* Exercise objective *
Exact copies of all the lines below are wanted, without a single picture.

* Dataset records *
· · · · ·

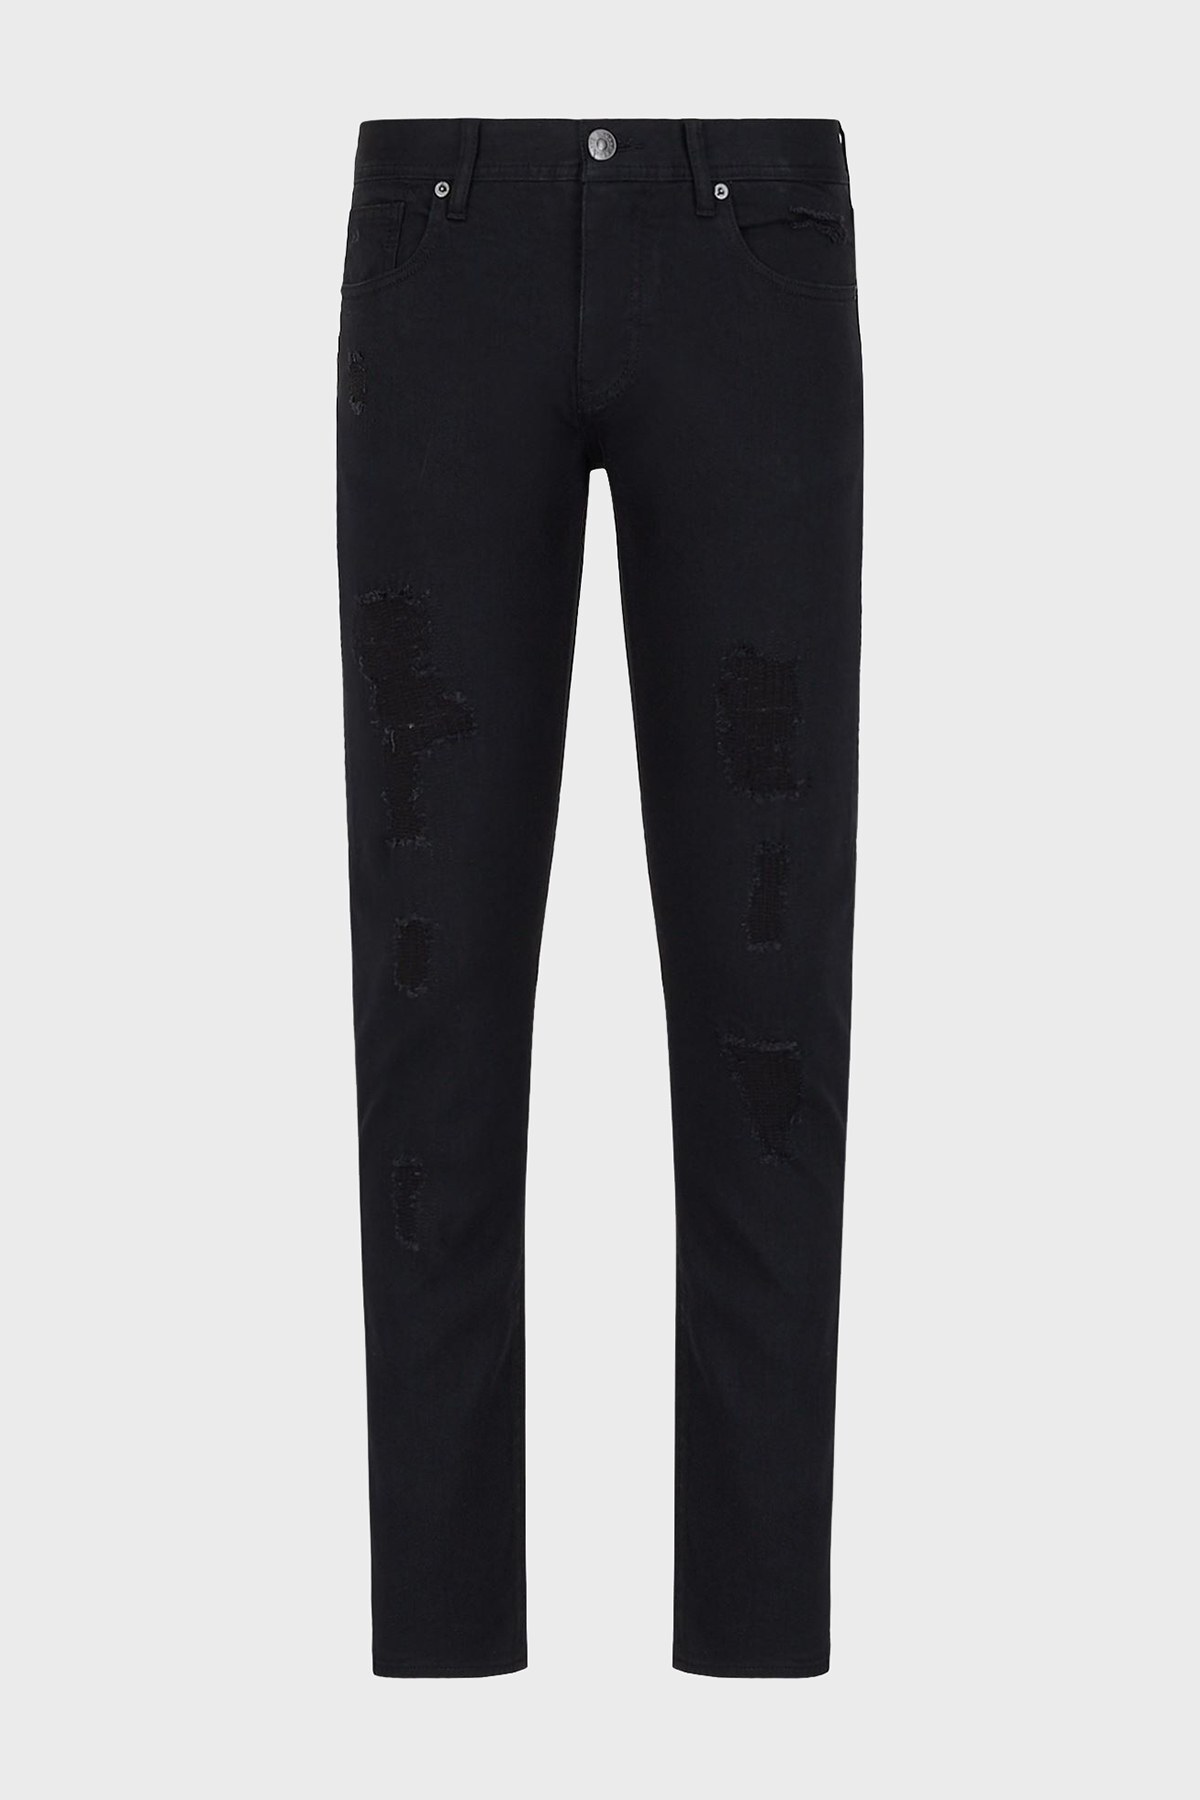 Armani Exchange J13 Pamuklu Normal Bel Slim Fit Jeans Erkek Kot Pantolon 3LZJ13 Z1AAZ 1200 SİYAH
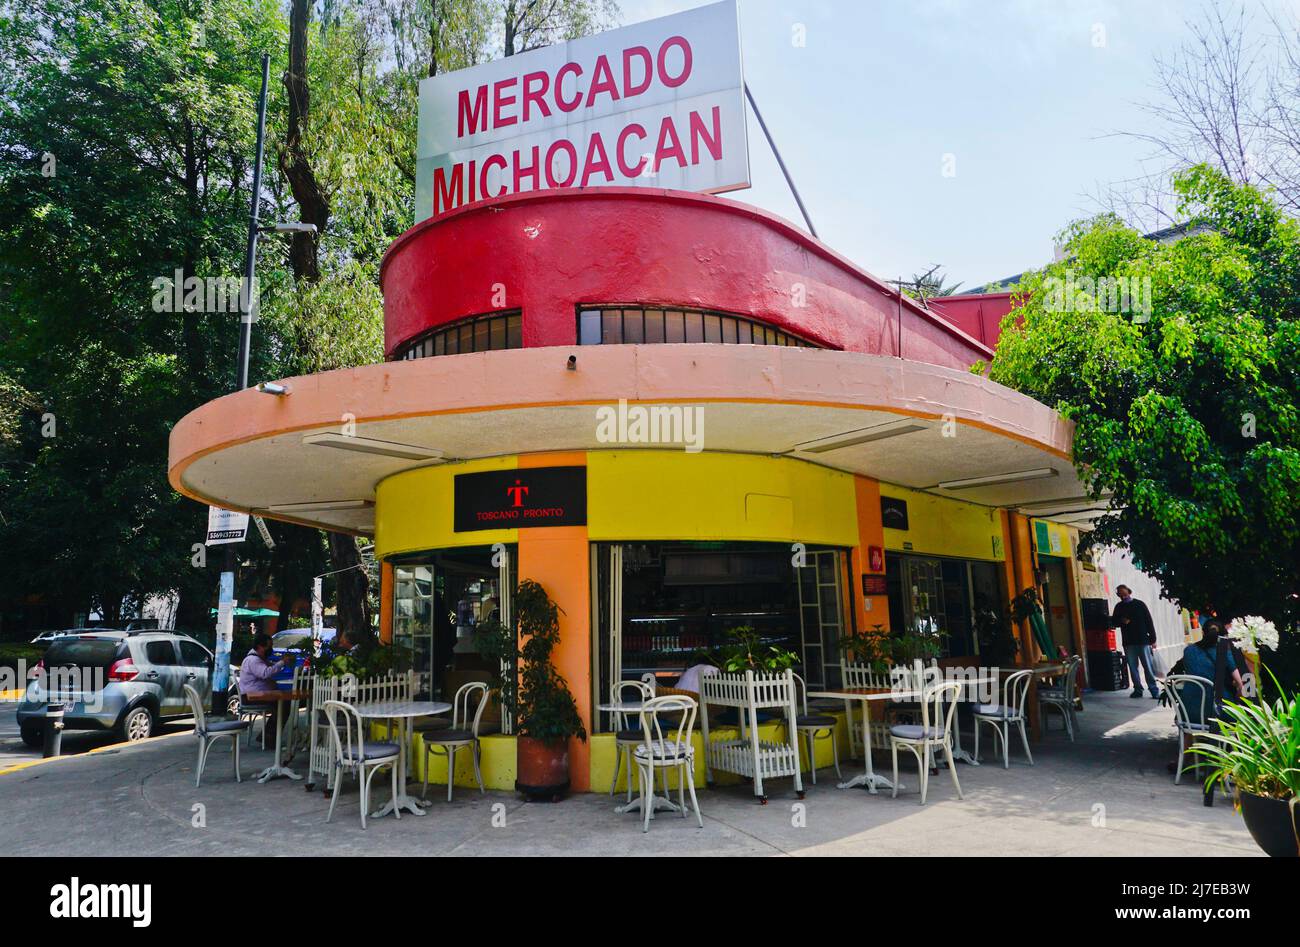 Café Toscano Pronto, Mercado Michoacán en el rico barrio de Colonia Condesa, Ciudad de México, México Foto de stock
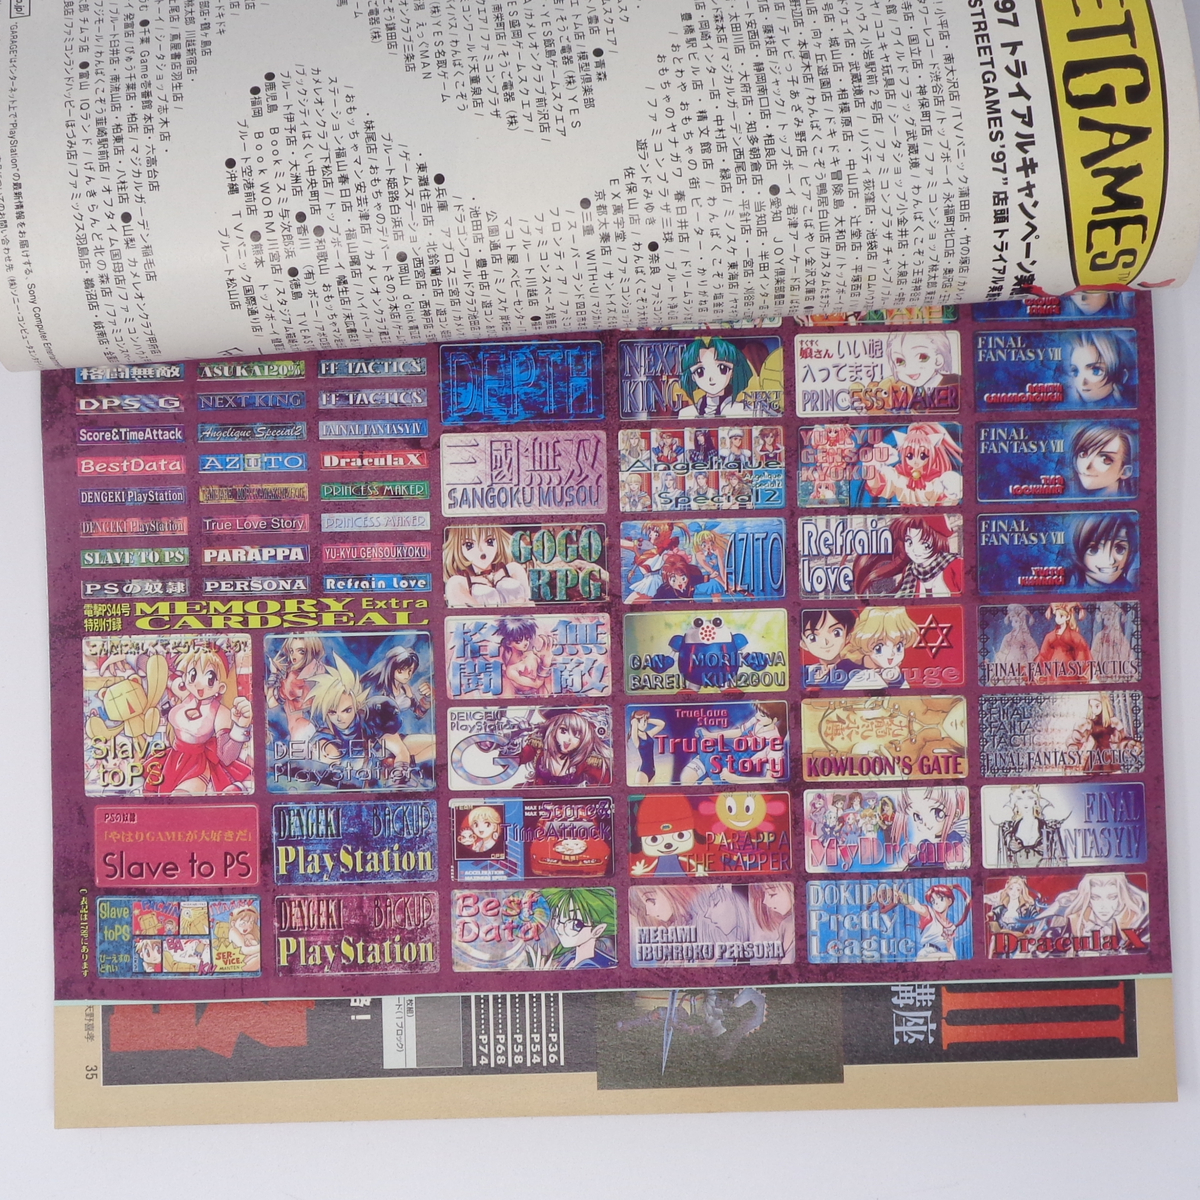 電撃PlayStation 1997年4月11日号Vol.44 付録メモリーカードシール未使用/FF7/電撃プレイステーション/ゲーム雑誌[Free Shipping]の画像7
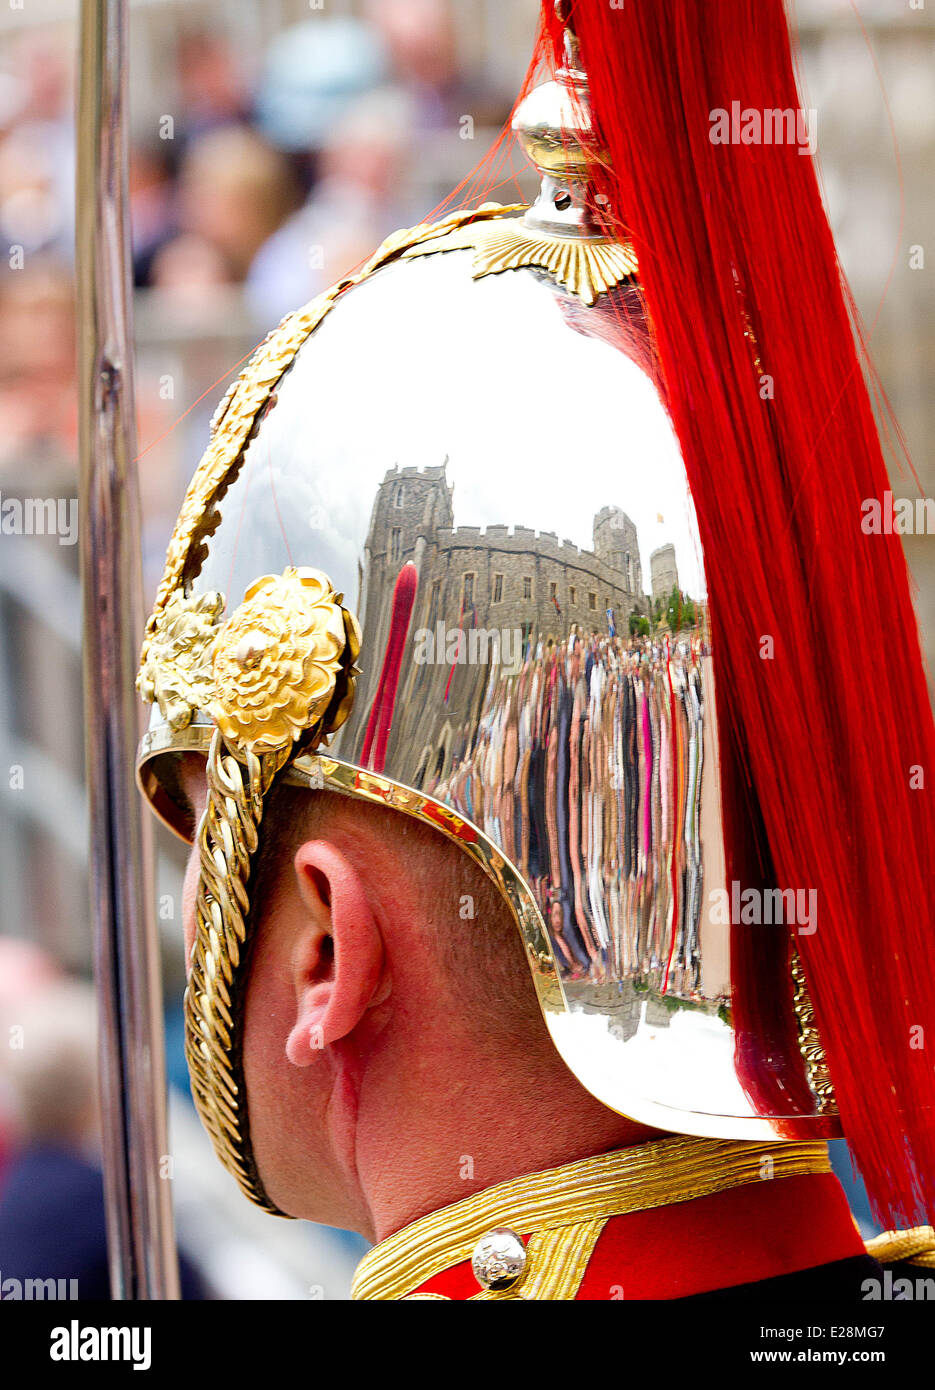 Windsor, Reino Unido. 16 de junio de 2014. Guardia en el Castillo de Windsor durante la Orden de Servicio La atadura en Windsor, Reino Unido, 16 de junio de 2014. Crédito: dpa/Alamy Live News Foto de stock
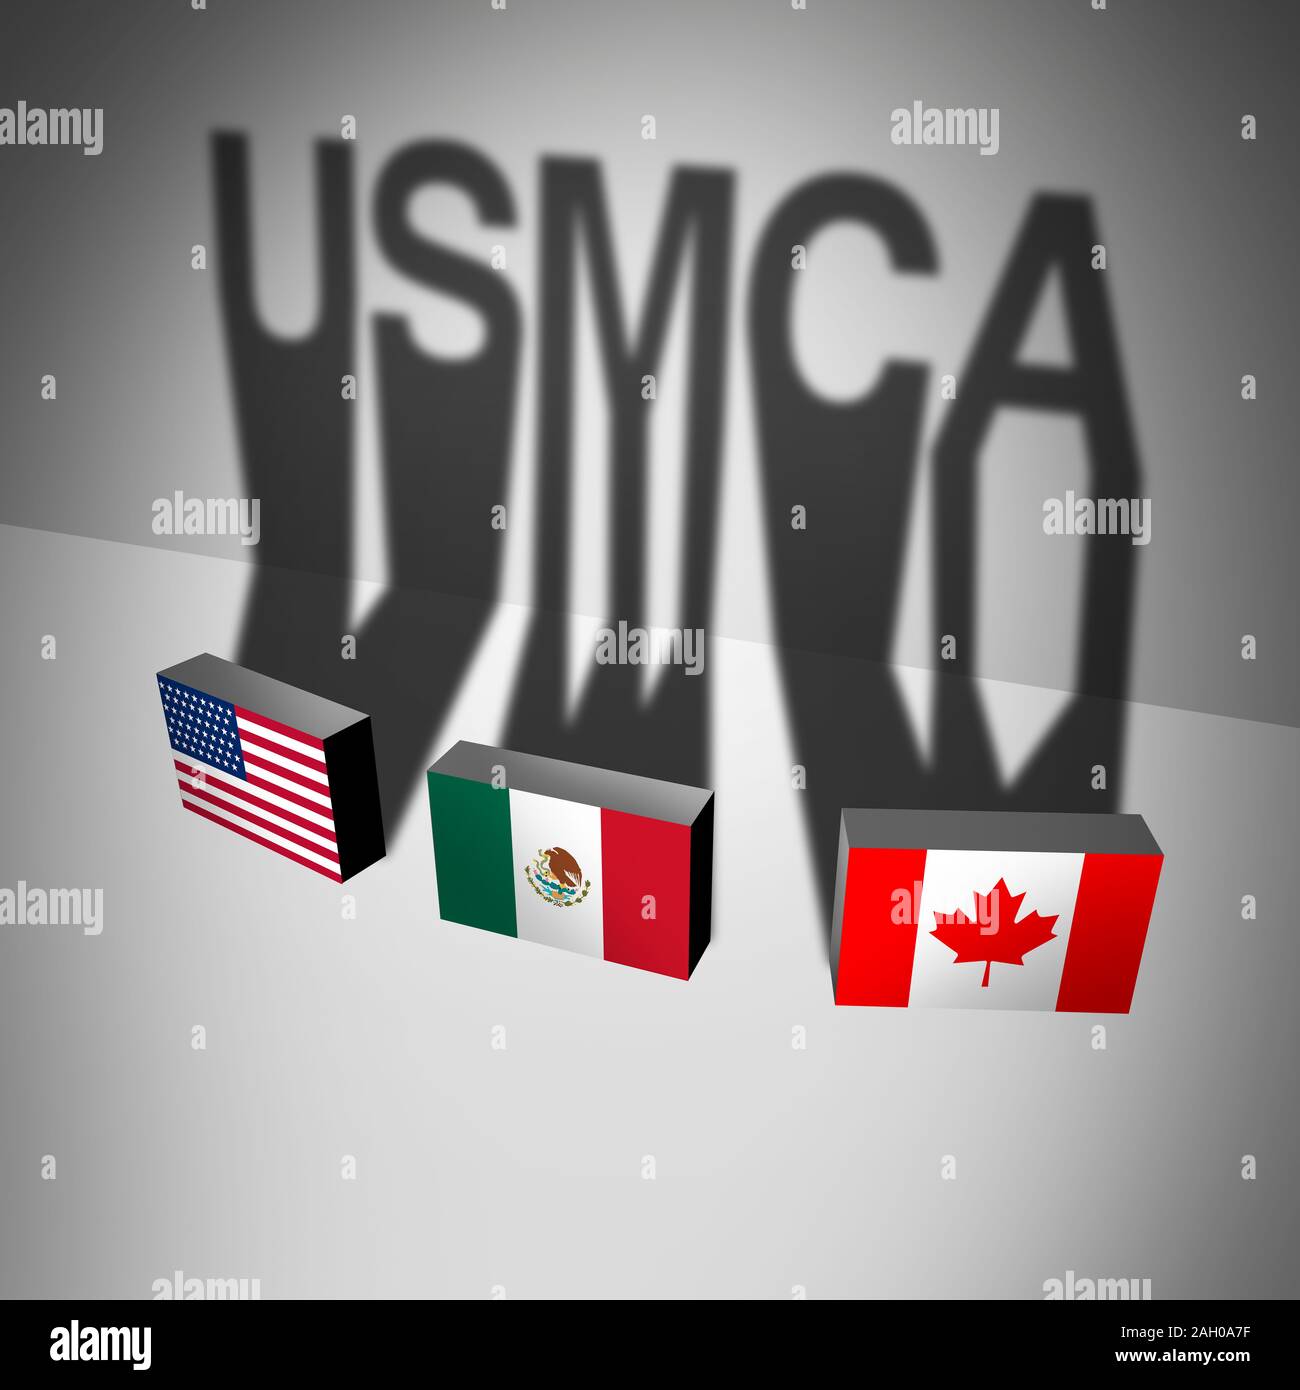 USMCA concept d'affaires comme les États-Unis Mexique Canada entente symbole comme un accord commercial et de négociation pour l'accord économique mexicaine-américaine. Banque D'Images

· · · · ·

* Answer box *
 Armani Exchange J13 Pamuklu Normal Bel Slim Fit Jeans Erkek Kot Pantolon 3LZJ13 Z1AAZ 1200 SİYAH
 Café Toscano Pronto, Mercado Michoacán en el rico barrio de Colonia Condesa, Ciudad de México, México Foto de stock
 電撃PlayStation 1997年4月11日号Vol.44 付録メモリーカードシール未使用/FF7/電撃プレイステーション/ゲーム雑誌[Free Shipping]の画像7
 Windsor, Reino Unido. 16 de junio de 2014. Guardia en el Castillo de Windsor durante la Orden de Servicio La atadura en Windsor, Reino Unido, 16 de junio de 2014. Crédito: dpa/Alamy Live News Foto de stock
 USMCA concept d'affaires comme les États-Unis Mexique Canada entente symbole comme un accord commercial et de négociation pour l'accord économique mexicaine-américaine. Banque D'Images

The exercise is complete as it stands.